**DATA SHOWN:**
++++++++++++++++++++
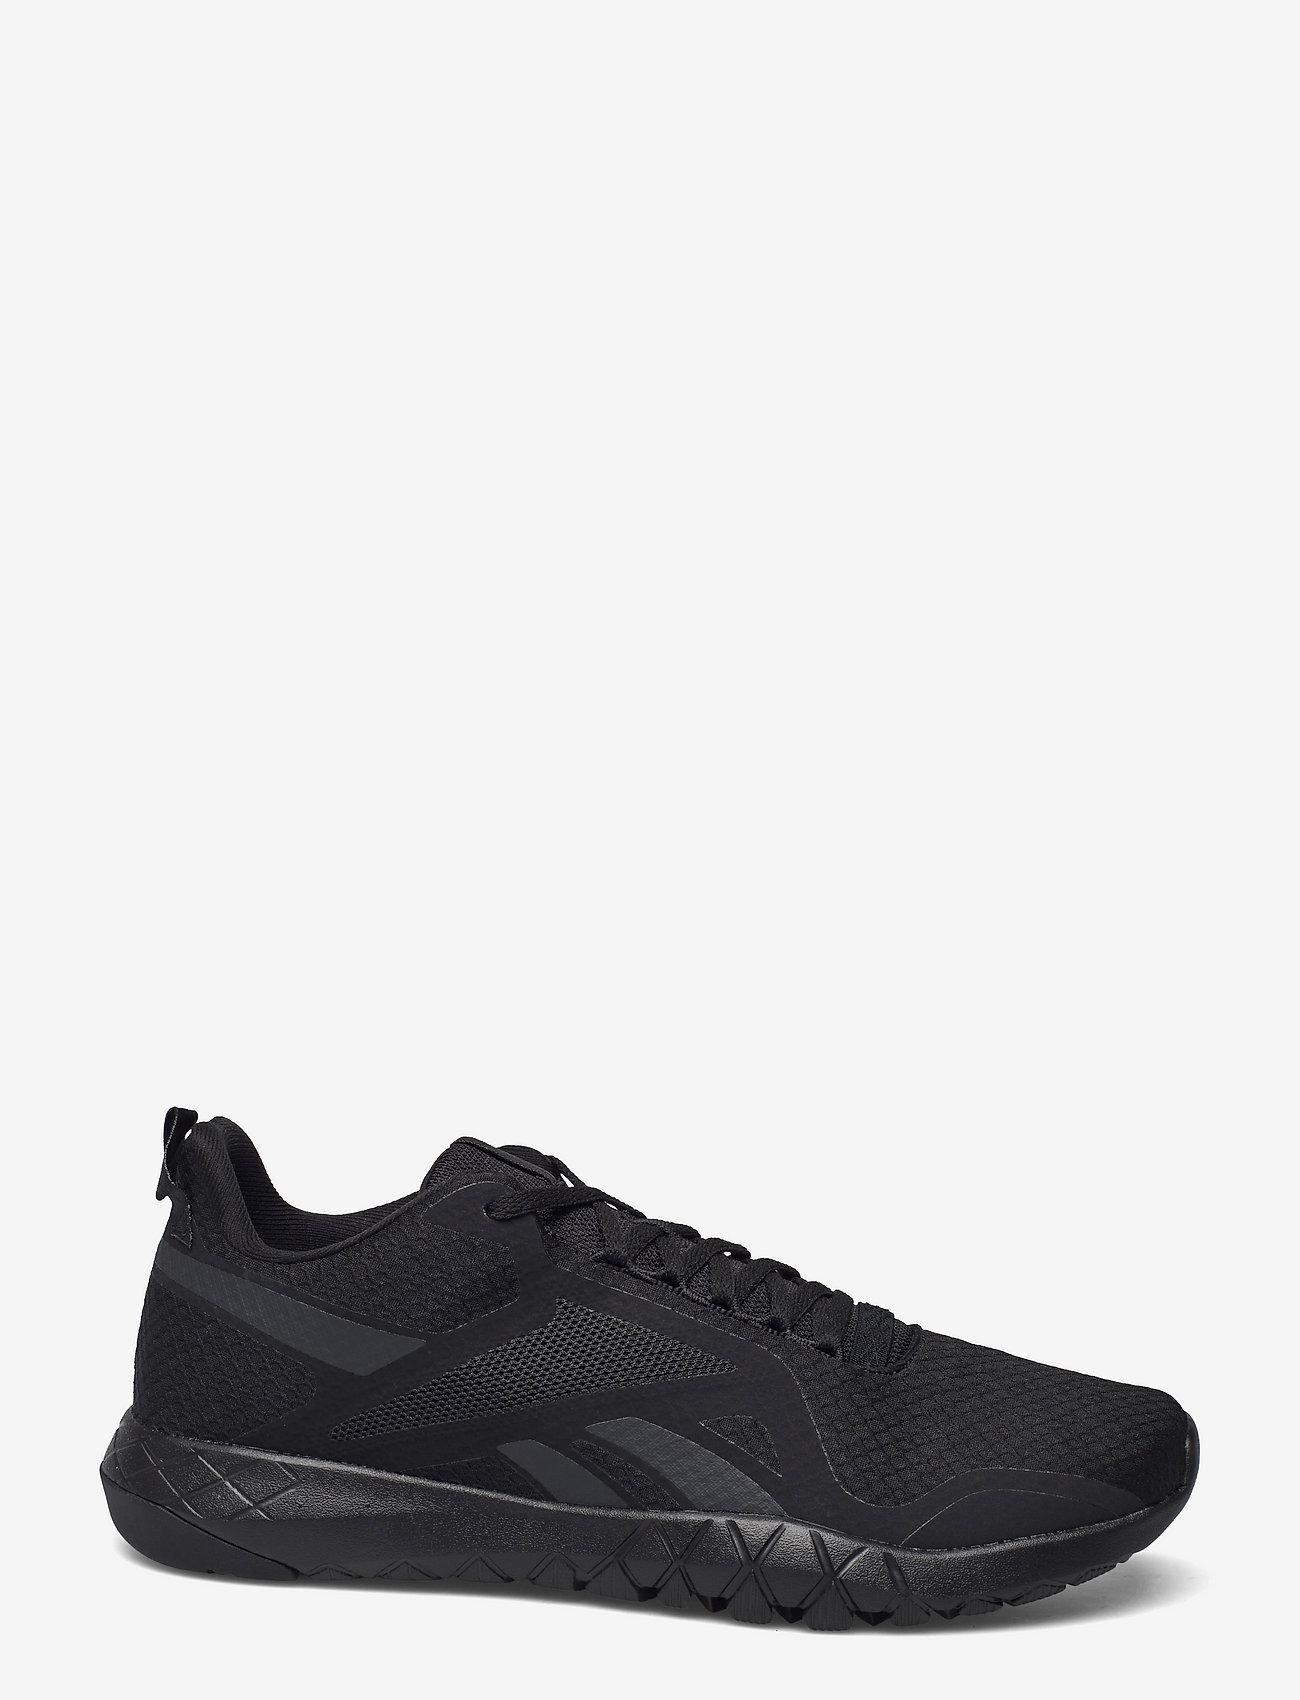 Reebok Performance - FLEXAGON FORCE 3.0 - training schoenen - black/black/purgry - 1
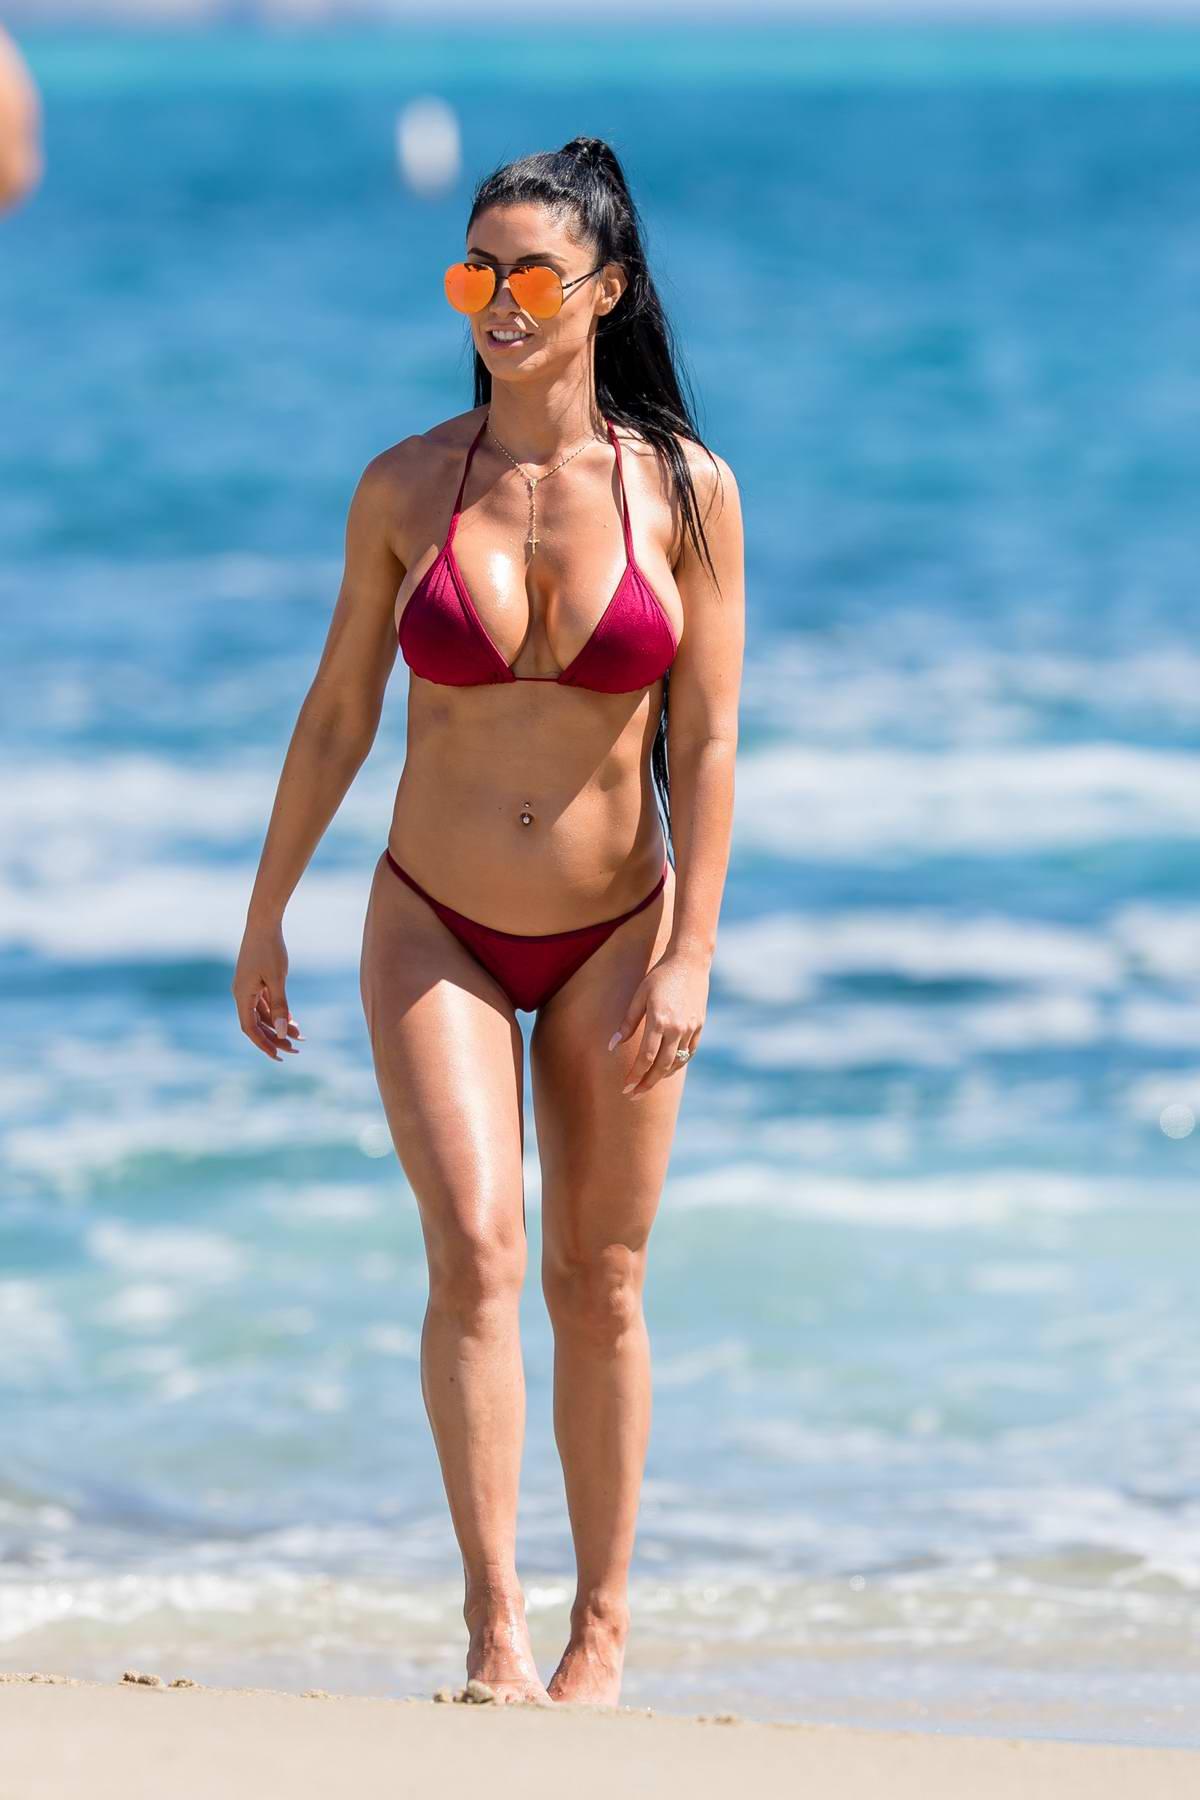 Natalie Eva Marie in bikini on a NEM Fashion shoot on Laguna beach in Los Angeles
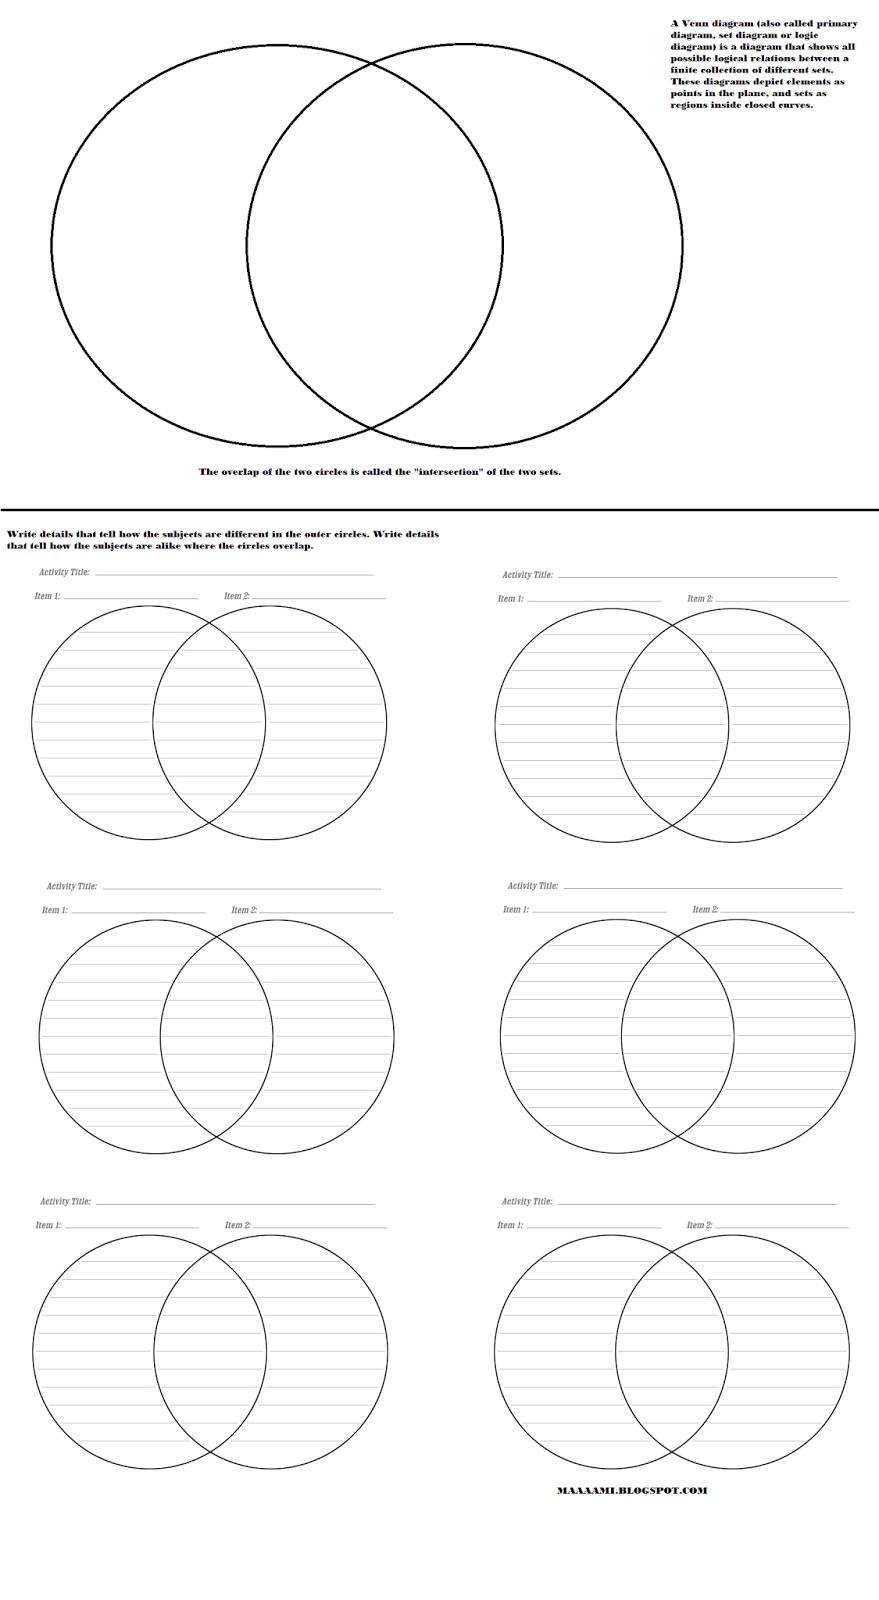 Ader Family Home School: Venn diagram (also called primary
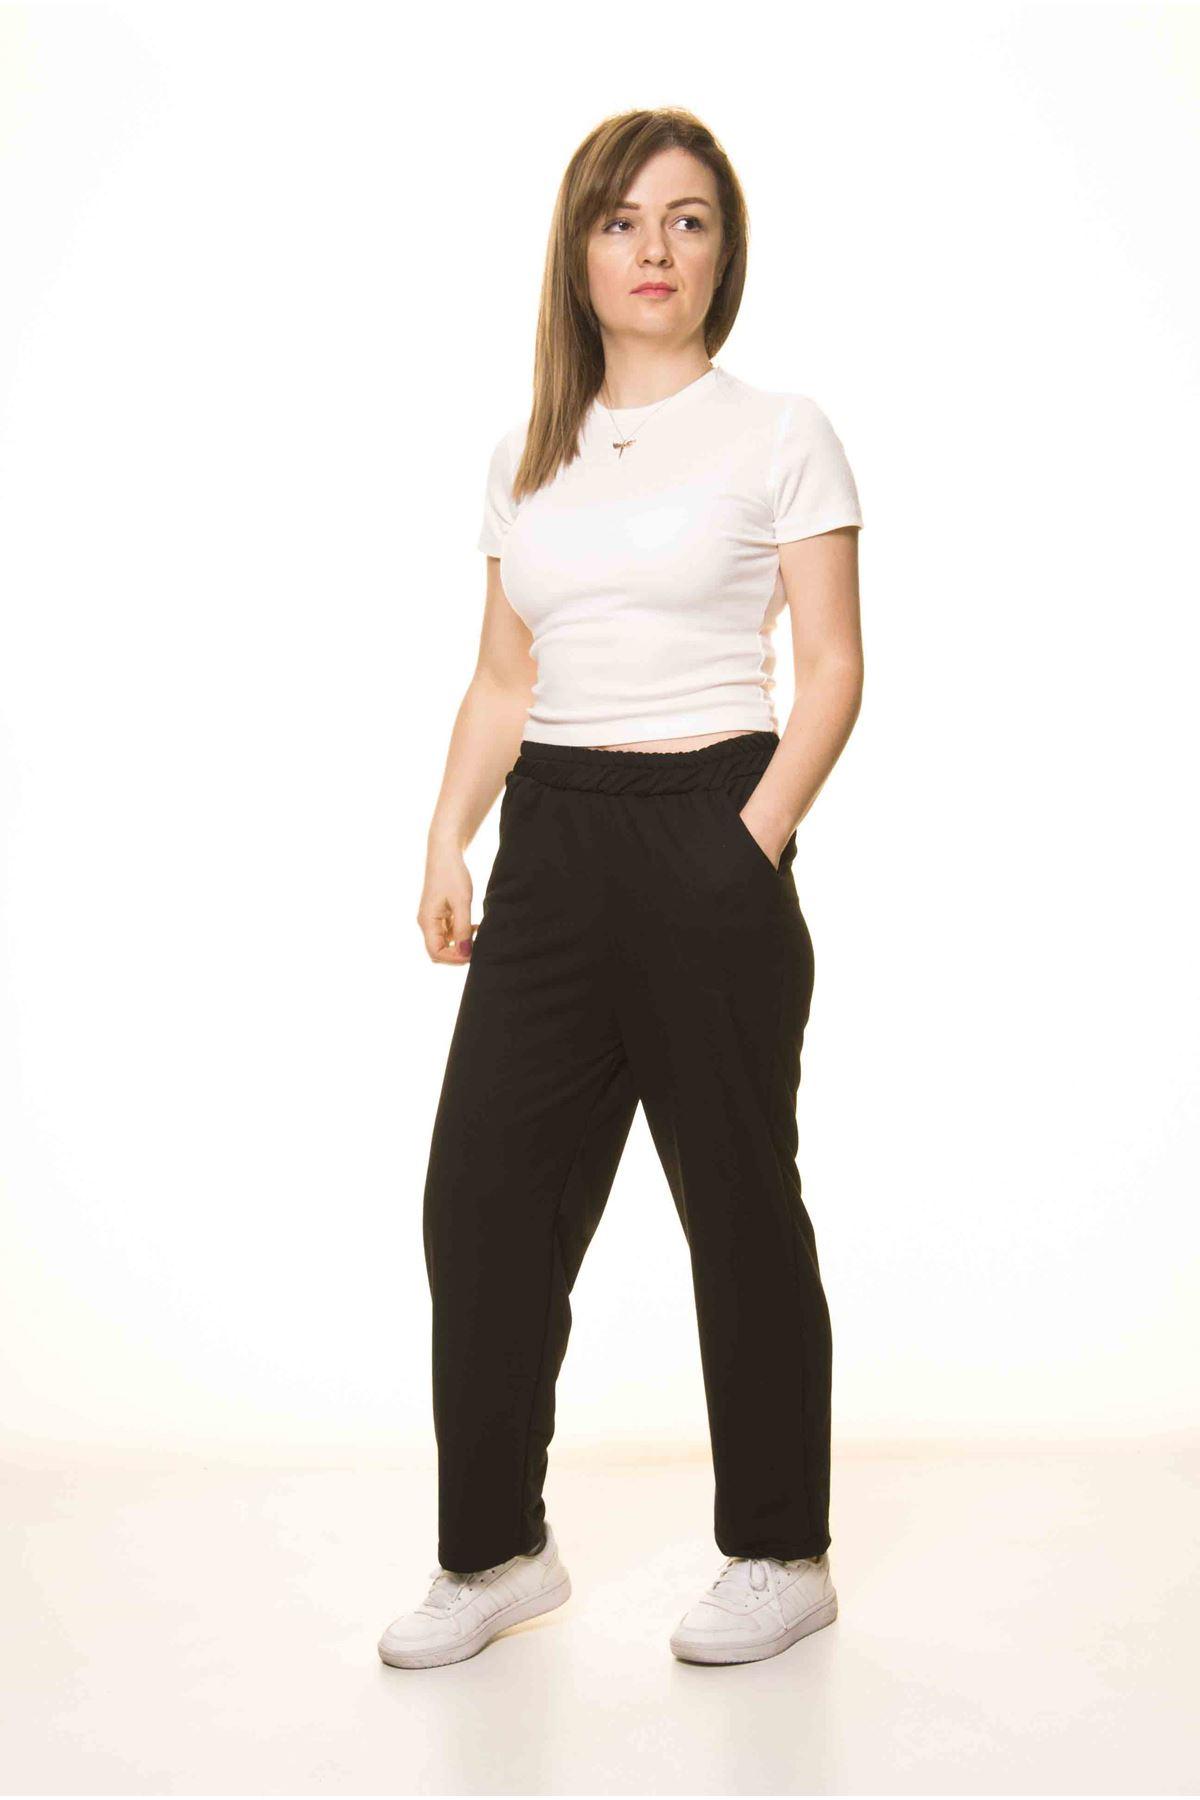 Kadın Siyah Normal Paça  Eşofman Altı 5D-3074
++++++++++++++++++++
**ABOUT THIS EXERCISE:** The response is the full listing, copied exactly, with the pictures omitted.

**COMPLETED TASK:**
 Reebok Performance - FLEXAGON FORCE 3.0 - training schoenen - black/black/purgry - 1
 Natalie Eva Marie in bikini on a NEM Fashion shoot on Laguna beach in Los Angeles
 Ader Family Home School: Venn diagram (also called primary
 Kadın Siyah Normal Paça  Eşofman Altı 5D-3074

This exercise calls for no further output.